FHA loans also aren’t perfect. Here are a few potential drawbacks:

Higher Monthly Mortgage Insurance

As mentioned above, FHA loans typically cost more per month in mortgage insurance versus the annual fee on a Rural Development loan. If you take the full loan term to pay off the mortgage, a Rural Development loan usually costs less overall.

Must Have 3.5% Down Payment

While it’s not a huge amount, coming up with even a 3.5% down payment can be a hurdle for first-time buyers on tight budgets. The zero down payment feature of Rural Development loans makes them more accessible for those without cash on hand.

Lower Max Loan Amounts

Currently FHA loans are capped at $350,000 to $650,000 depending on the area. Rural Development loans don’t have set limits.

In lower-cost markets, Rural Development loans may allow you to borrow more to purchase a nicer home than FHA financing will permit. The max loan amounts on FHA loans may constrain your options.

Not Ideal for Low Credit Scores

While FHA loans go down to 580 credit scores, lenders often require scores of at least 620 to 660 for the best rates and terms. If your score is below 600, a Rural Development loan with manual underwriting may be a better fit than an FHA loan.

Who Should Consider Rural Development Loans?

Given the pros and cons, here are some signs a Rural Development loan may be right for you:

  • You want to buy a home in a rural location
  • You have a low to moderate income but are above FHA limits
  • You have no down payment funds available
  • You want low monthly mortgage insurance costs
  • You plan to keep the home long term and can pay the annual fee

Rural Development loans are a great option to open up homeownership opportunities in small towns and rural communities for creditworthy buyers who may not qualify otherwise.

Who Should Consider FHA Loans?

FHA loans tend to work better for these buyers:

  • You need to buy in suburban or urban areas
  • You want the option of selling or refinancing sooner
  • Your income exceeds Rural Development limits
  • You can manage a small 3.5% down payment
  • You have lower credit scores under 620

FHA loans offer flexibility for those who don’t quite fit the narrow income brackets and rural locations of Rural Development loans. Just be aware of the higher monthly costs and loan limits.

Talk to a Lender About Your Options

As you can see, Rural Development and FHA loans each have pros and cons. There’s no one-size-fits-all best loan.

The right choice depends on your specific needs, finances, and home preferences. I recommend talking with a lender early in the home buying process. They can guide you through

USDA vs FHA: Eligibility

A large part of the decision between USDA vs. FHA loans will depend on which type of mortgage you qualify for. Here’s a brief overview of how USDA and FHA eligibility requirements compare.

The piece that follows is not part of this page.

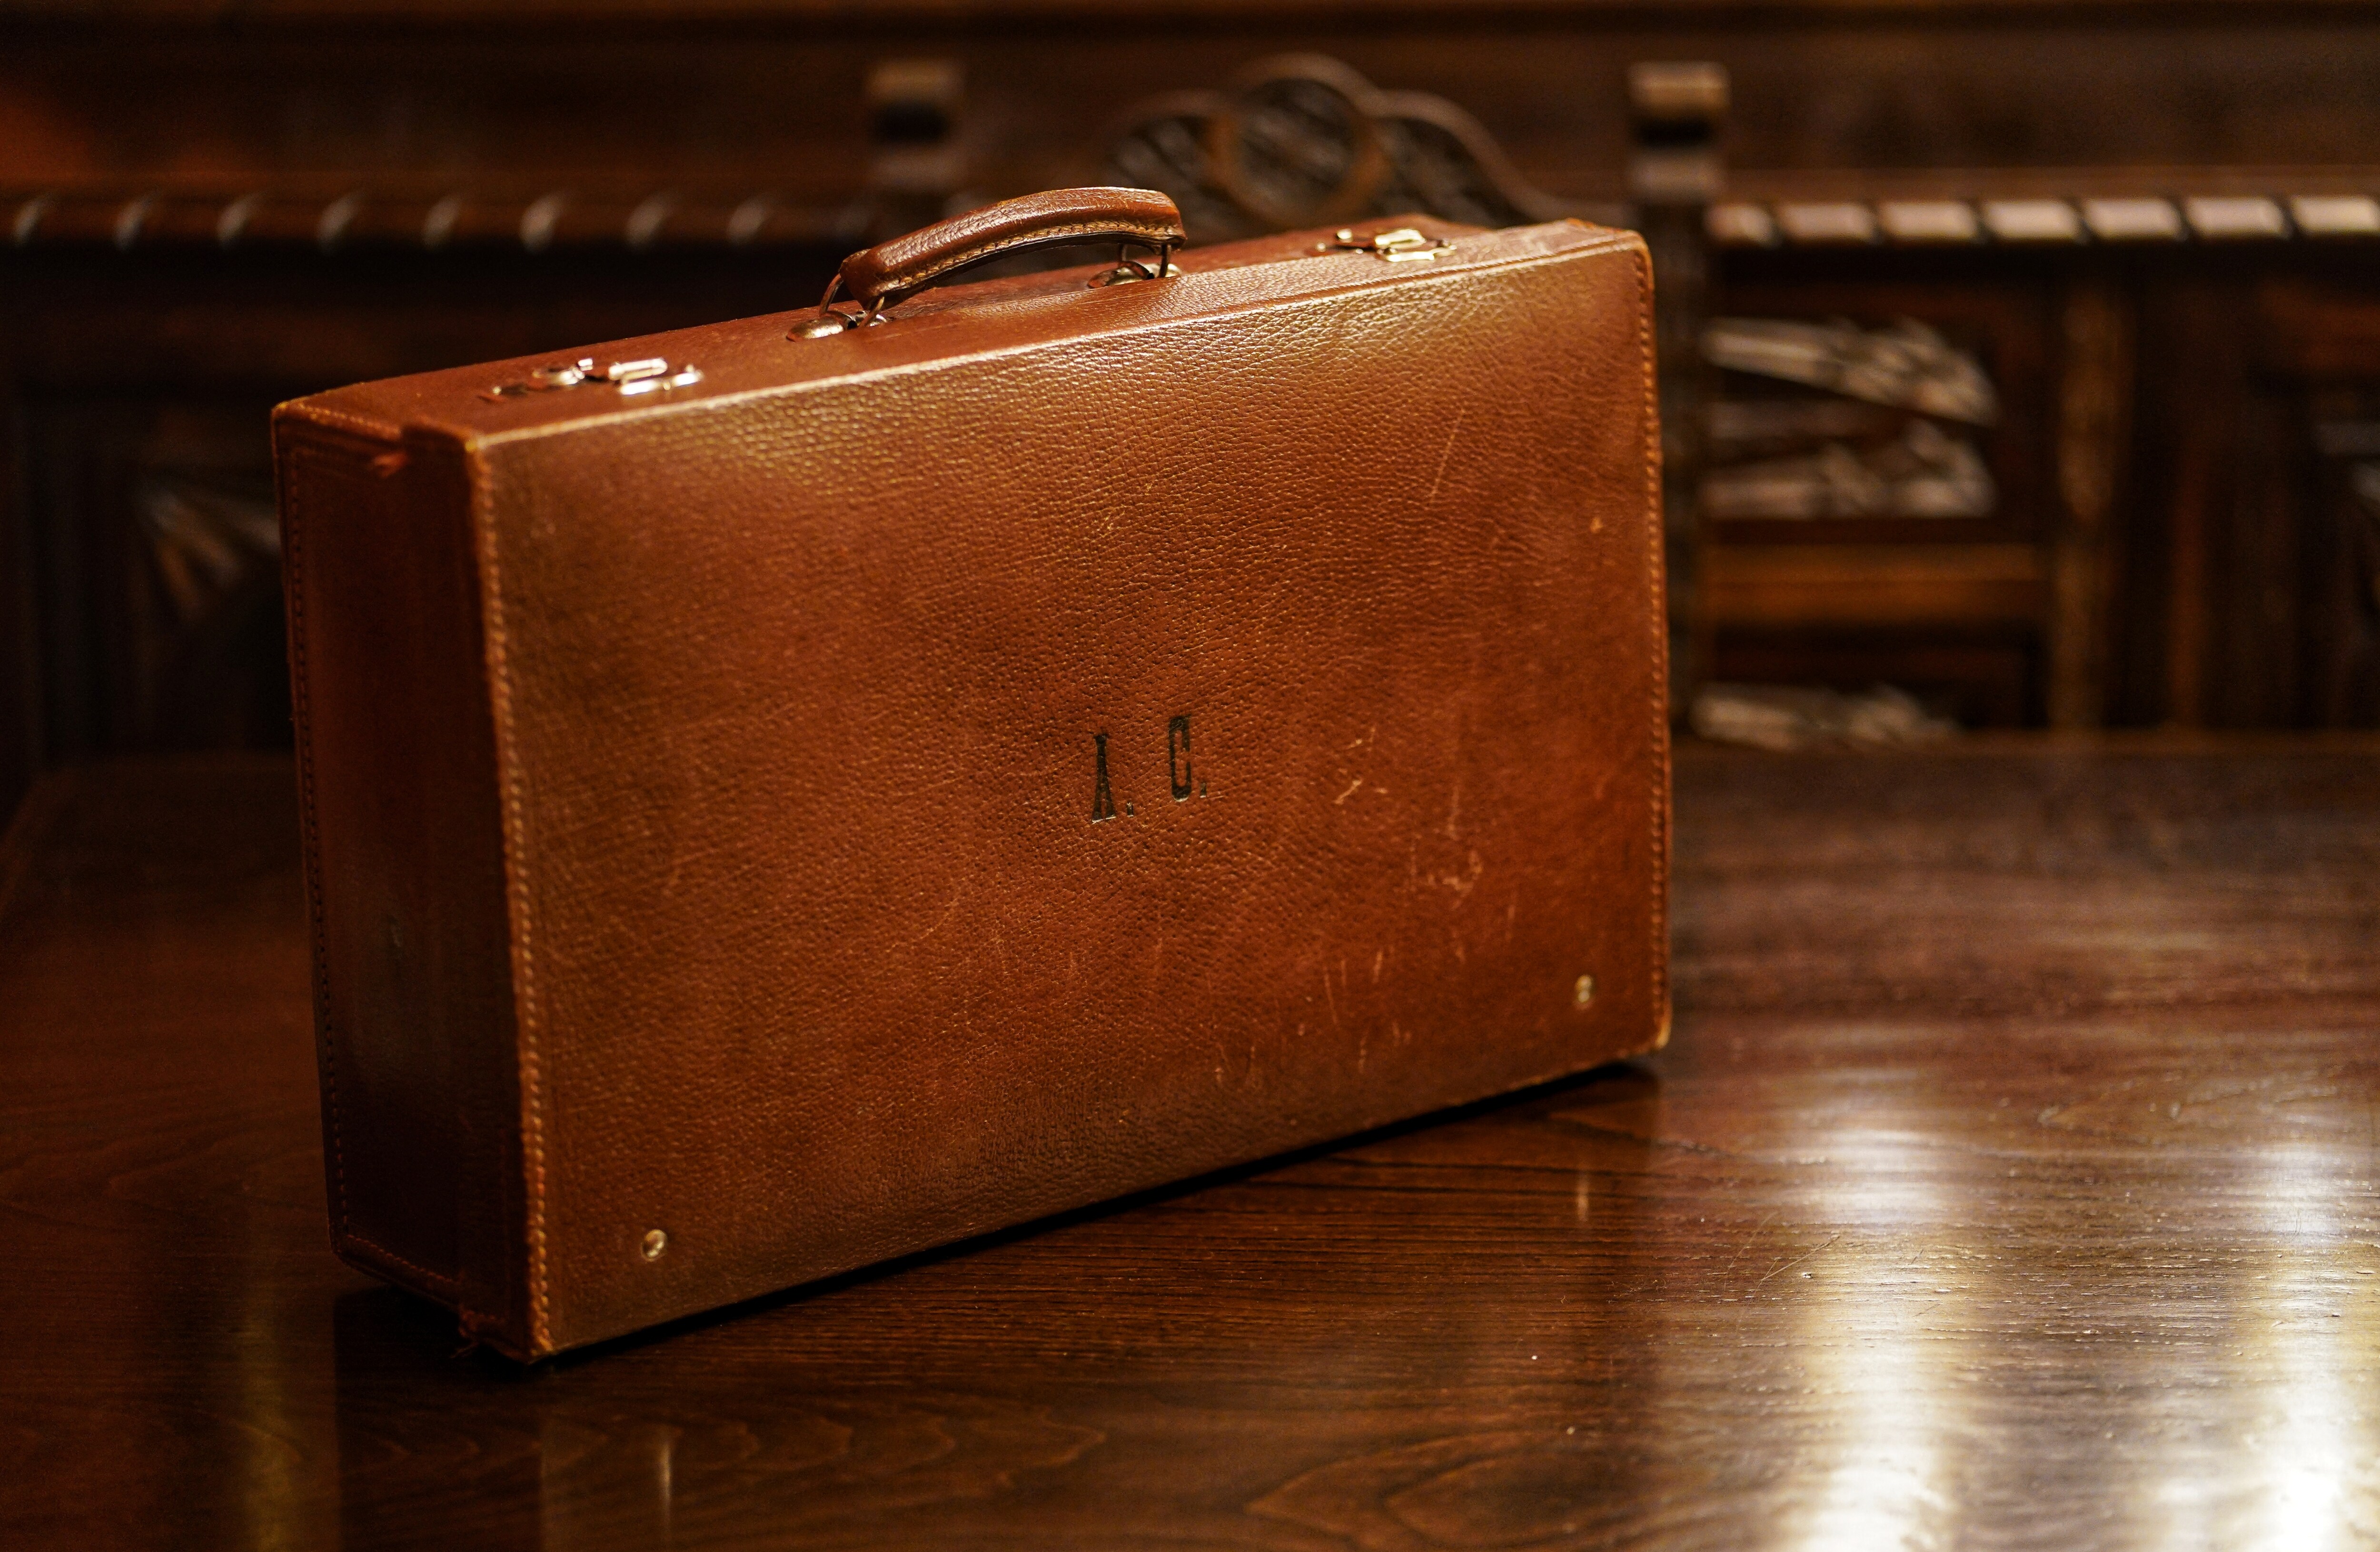 La maleta de cuero con las iniciales de Ángel Careaga.

Criteria FHA Loans USDA Loans
Loan Requirements Minimum credit score of 580 for 3.5% down payment Steady employment history Property must be primary residence Must meet income eligibility Property must be in a USDA eligible area Property must be primary residence
Loan Limits Vary by county, but typically up to $ for single-family homes in most areas No set loan limit, but the home must be modest in size for the area, and cannot have luxury features
Income Limits None Usually 115% of area median income (AMI)
Appraisal Required Must meet HUDs minimum property standards Required Must meet USDAs property and location requirements
Down Payment Minimum of 3.5% with a credit score of 580 or higher 10% for credit scores between 500-579 No down payment required
Mortgage Insurance Upfront mortgage insurance premium (1.75% of the loan amount) Annual mortgage insurance premium (0.45% to 1.05% of the loan amount, paid monthly) Upfront guarantee fee (1% of the loan amount) Annual fee (0.35% of the loan amount, paid monthly)
Interest Rates Vary by lender, credit score, down payment, and other factors Typically lower for borrowers with good credit Set by the lender, but can be as low as current market rates due to government backing
Closing Costs Vary by lender, but can include appraisal fees, credit report fees, lenders origination fees, etc. Can be covered by seller or lender Can include appraisal fees, credit report fees, lenders origination fees, etc. Can be rolled into the loan amount or paid by the seller

The FHA program offers 30-year and 15-year fixed-rate mortgages, along with adjustable-rate mortgages (ARMs). The USDA offers only a 30-year fixed-rate loan.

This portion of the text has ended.